Why is the GDPR an requirements nightmare? It's one ruleset for the whole EU instead one ruleset for each EU state. And the GDPR seem to be not more complicate than the individuel laws where before.
It isn't? Are we talking about a different regulation?
I quote from the title of 2017/0003/COD
COM (2017) 10:
Proposal for a REGULATION OF THE EUROPEAN PARLIAMENT
AND OF THE COUNCIL concerning the respect for private
life and the protection of personal data in electronic
communications and repealing Directive 2002/58/EC
(Regulation on Privacy and Electronic Communications)

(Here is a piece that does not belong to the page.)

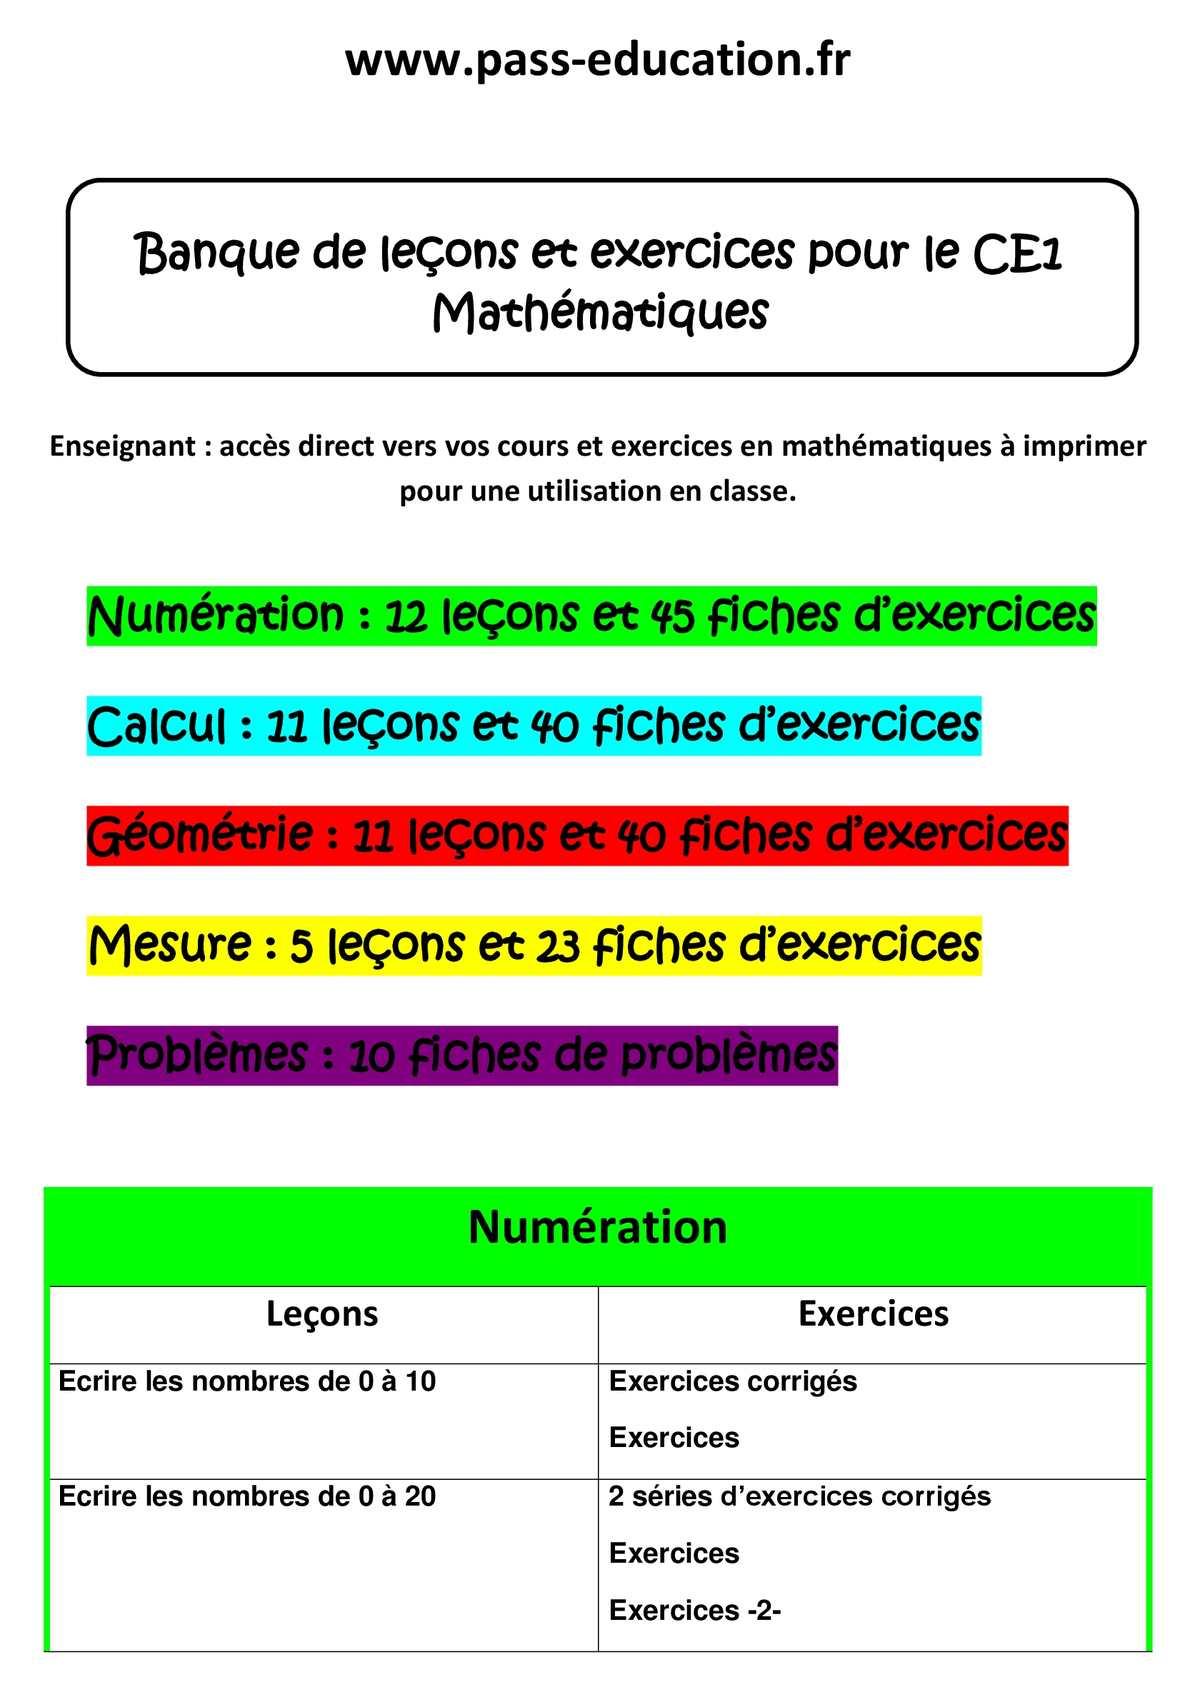 Calaméo - Ce1 Mathématiques - Banque De Leçons Et Exercices destiné Les Nombres De 0 À 20

See, there's this thing called context: the meaning of the word changes through the surrounding words. If there is a word "repealing" in text, this does not usually mean "everything that's related is repealed" - it means exactly what it says on the tin: "repealing Directive 2002/58/EC" - nothing about repealing the existing state-level legislation (to repeat previous context, "It's one ruleset for the whole EU instead one ruleset for each EU state.")
My point still stands - you still need to conform to both GDPR and the state-specific legislation.
It may be that I am the one who is misinformed here. My understanding was that 2017/0003/COD was about creating a replacement for 2002/58/EC. I haven't read all the documents, so I could very well be wrong.
But assuming that I am right, then a replacement directive would simply cause the states to update their laws and nothing would really change in terms of complexity compared to the situation before.
If it just then 4% of revenue fine could well be 0 for startups. I presume they have some provision to prevent 0 euro fines, does anyone know about that provision?
From the wikipedia page: "fine up to 20,000,000 EUR or up to 4% of the annual worldwide turnover of the preceding financial year in case of an enterprise, whichever is greater"
In other words, it's not a replacement: it is an additional set of rules to keep (although most of it would be a superset of various national laws).